Turn uploaded PCAP files into structured, SQL-queryable security data with minimal setup.

High-Level Flow

1. Analyst uploads a PCAP
2. Zeek parses network traffic
3. Zeek logs are streamed into Kafka
4. Go pipeline normalizes and enriches events
5. Events are written into Parquet
6. DuckDB queries the Parquet dataset
7. API and UI present dashboard, search, and SQL workflows

End-to-End Diagram

+-------------+      +---------------------------+      +---------------+
| PCAP Upload | ---> | Zeek Network Security     | ---> | Kafka (KRaft) |
| from UI     |      | Monitor                   |      | zeek-raw      |
+-------------+      +---------------------------+      +---------------+
                                                               |
                                                               v
                                                +------------------------------+
                                                | Go normalization + enrich    |
                                                | pipeline                     |
                                                +------------------------------+
                                                     |                    |
                                                     |                    |
                                                     v                    v
                                         +------------------+   +------------------+
                                         | Kafka normalized |   | Parquet files    |
                                         | stream           |   | by protocol/time |
                                         +------------------+   +------------------+
                                                                          |
                                                                          v
                                                                   +-------------+
                                                                   | DuckDB      |
                                                                   +-------------+
                                                                          |
                                                                          v
                                                           +---------------------------+
                                                           | Django API + React UI     |
                                                           | Dashboard, search, SQL    |
                                                           +---------------------------+

Analyst View

SOC analysts do not need to think in terms of raw Zeek logs or internal services.

What they experience is:

  • upload a PCAP
  • wait for processing
  • investigate protocol tables
  • search normalized events
  • run SQL on structured data

That is why the product messaging should focus on:

  • structured log tables
  • SQL-ready investigations
  • simple PCAP-to-hunt workflow

instead of low-level deployment details.

Runtime Components

Zeek

Zeek is the packet analysis engine used to extract protocol logs from PCAP traffic.

Official project:

Kafka

Kafka provides the streaming bus between packet parsing and downstream processing.

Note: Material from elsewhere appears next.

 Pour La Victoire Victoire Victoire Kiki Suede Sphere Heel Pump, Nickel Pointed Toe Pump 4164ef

PacketQL currently uses Kafka in KRaft mode inside the bundled container.

Go Enrichment Pipeline

The Go service:

  • reads Zeek events from Kafka
  • normalizes fields
  • enriches selected event data
  • writes protocol-specific Parquet outputs
  • optionally publishes normalized events to a Kafka topic

Parquet + DuckDB

Parquet stores the structured event output efficiently.

DuckDB provides local analytical querying over those Parquet files.

API + UI

The Django API exposes ingestion, metadata, search, and SQL endpoints.

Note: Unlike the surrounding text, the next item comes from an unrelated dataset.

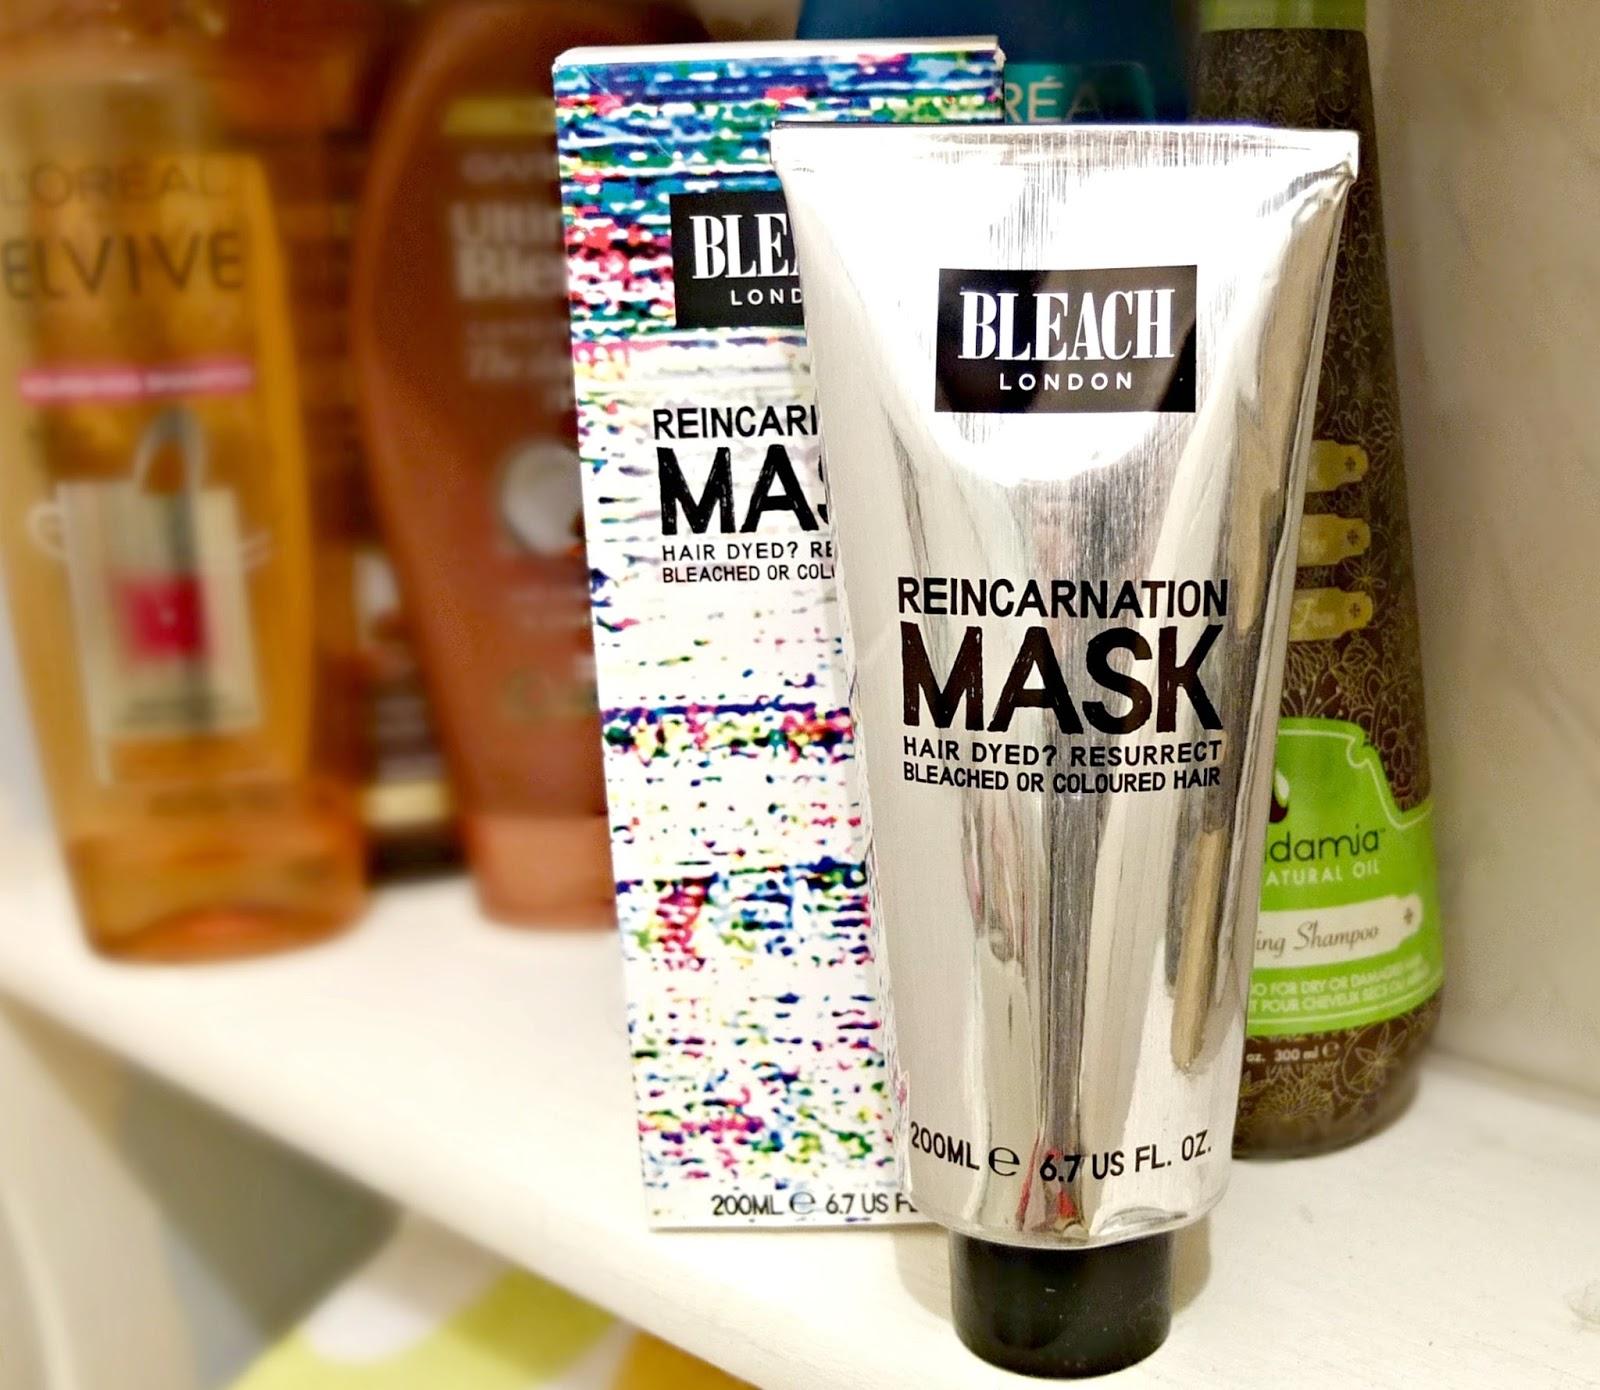 bleach london reincarnation mask review

The React UI gives analysts:

  • PCAP upload
  • log dashboard
  • log search
  • SQL querying
  • pipeline health visibility

Deployment Model

Recommended deployment model:

  • one Docker container
  • one mounted host data directory at /data

This keeps first-time setup simple and avoids requiring users to manually install:

  • Zeek
  • Kafka
  • plugin wiring
  • API runtime
  • frontend runtime

Persistence

Persistent runtime data lives outside the container in the mounted /data volume.

This is where PacketQL stores:

  • uploaded files
  • parquet output
  • source metadata
  • bundled Kafka runtime data for the single-container deployment

GitHub Positioning

For public GitHub documentation, describe the architecture in a way that supports the product story:

  • PCAP in
  • structured tables out
  • SQL and investigation workflow for SOC analysts

Use manual deployment details only as secondary, advanced documentation.